La giornalista inglese Sylvia Sprigge, corrispondente del Manchester Guardian per l'area del Mediterraneo centrale, giunge a Trieste con la 2a Divisione neozelandese. Nel suo libro Trieste Diary: maggio-giugno 1945, così racconta quella giornata: «Chi scrive ha raggiunto la colonna della 2° Divisione neozelandese poco prima del Tagliamento: le retroguardie stavano avanzando fra file di contadini esultanti, ogni mezzo era ornato di fronde e bandiere italiane. 

Poco prima di arrivare al Tagliamento è arrivato l'ordine di sbarazzarsi di bandiere e fiori, e la colonna ha proseguito la sua marcia grigia e polverosa.

(La colonna comprendeva anche una cospicua Unità navale britannica che, via terra, si recava a Trieste ad attrezzare il porto per le navi in risalita lungo l'Adriatico).

2 maggio (dopo mezzogiorno) - La Divisione neozelandese ha attraversato l'Isonzo: qui il lungo ponte era ancora intatto. Verremo a sapere successivamente che i partigiani di Tito l'hanno difeso per 4 giorni dai tentativi tedeschi di farlo saltare.

Circa 4 chilometri prima dell'Isonzo è cessata ogni manifestazione di benvenuto nei confronti dei neozelandesi. Su tutte le case si leggeva "Tukaj je Jugoslavia" (Qui è Jugoslavia) oppure "Zivio Tito" (Viva Tito). Una casa su due esponeva la bandiera jugoslava e le poche bandiere italiane avevano una grande stella rossa nella banda bianca.

La gente è rimasta nelle case. I partigiani, con la stella rossa sul berretto di tela blu, stavano allestendo vari blocchi stradali, che sono stati tuttavia aperti per lasciar passare la nostra lunga colonna meccanizzata.

A Monfalcone circa 10.000 fra operai portuali e donne erano riuniti per una manifestazione a favore della liberazione sotto una gigantesca stella rossa e sotto improvvisate bandiere dei paesi alleati. I discorsi erano in italiano. Gli uomini indossavano il berretto blu con la stella rossa.

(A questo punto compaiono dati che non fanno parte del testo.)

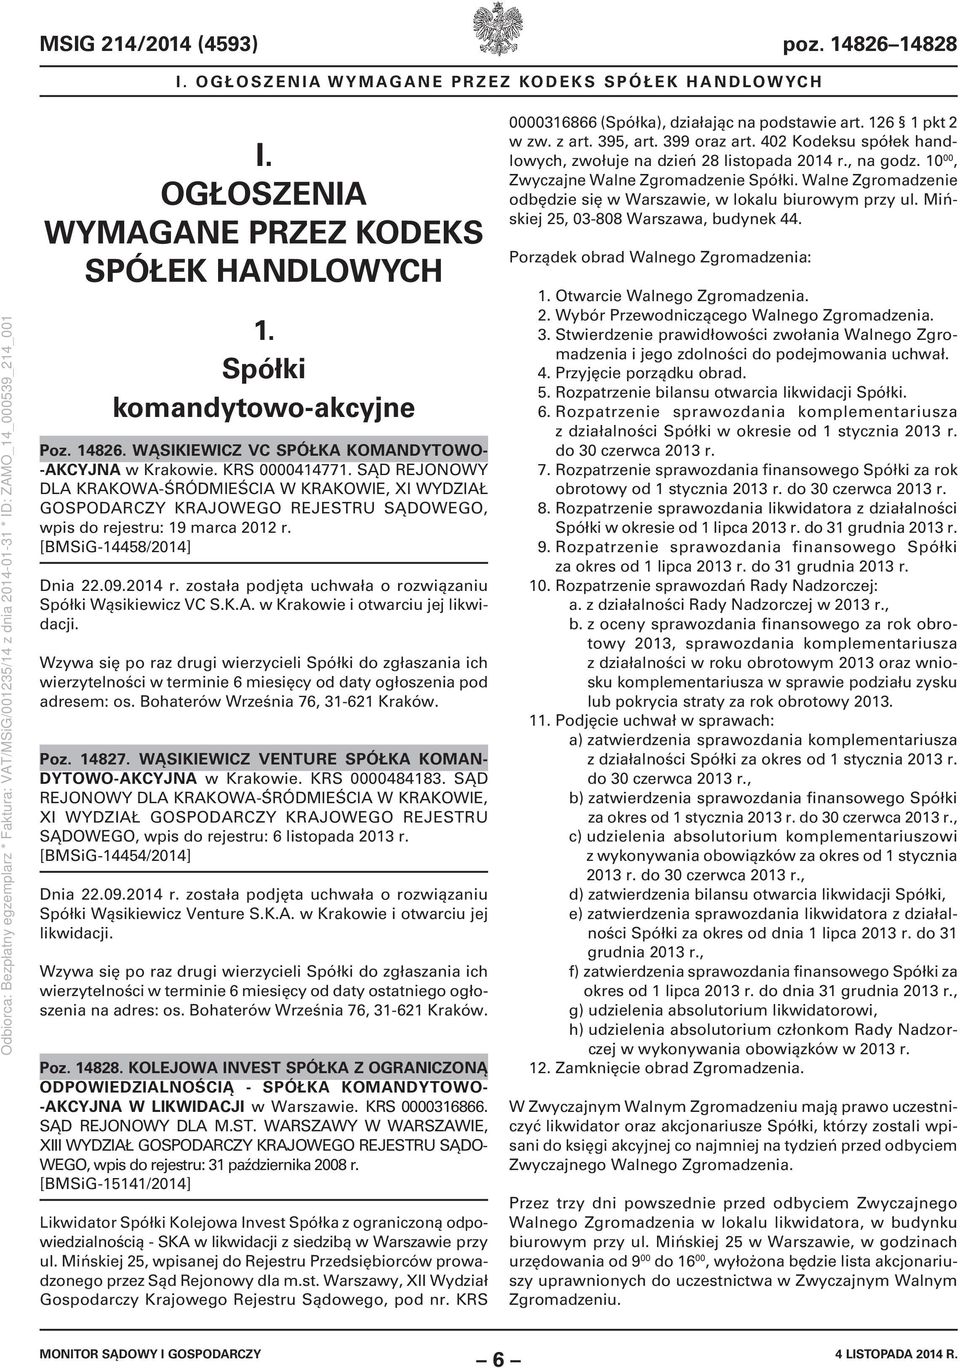 została podjęta uchwała o rozwiązaniu Spółki Wąsikiewicz VC S.K.A. w Krakowie i otwarciu jej likwidacji.

La nostra colonna non ha interrotto la loro riunione.

Lungo la famosa strada costiera che porta a Trieste una batteria navale tedesca di circa 300 uomini ha opposto resistenza a Miramare, cercando di attrezzare alla rinfusa la parete di cemento armato, spessa tre metri, costruita a metà strada fra le due gallerie. I numerosi fortini di calcestruzzo sui fianchi della collina e lungo la strada erano fortunatamente già stati affrontati dai partigiani di Tito.

Seicento fanti di marina tedeschi sono stati catturati a Grado; altri 300 sono stati presi nel golfo di Sistiana (base dei siluri monoposto).

Da Miramare (dove il generale Freyberg ha fissato i suoi quartieri generali) un distaccamento navale tedesco ha tartassato Trieste con cannoni italiani da 6 pollici per due giorni, avendo saputo che a Trieste c'erano soldati jugoslavi.

Alle 4 del pomeriggio carri armati ed auto corazzate di ricognizione sono entrati in Trieste e dopo una breve azione hanno raccolto la resa di 2.600 tedeschi.

Il Governo Militare Alleato e la sua polizia sono rimasti indietro, a Monfalcone, e non sono operativi.

A Trieste gruppi di 12-15 partigiani, ciascuno munito di due o tre armi, pattugliavano le strade giorno e notte. Non c'era traccia di fraternizzazione. I negozi erano chiusi».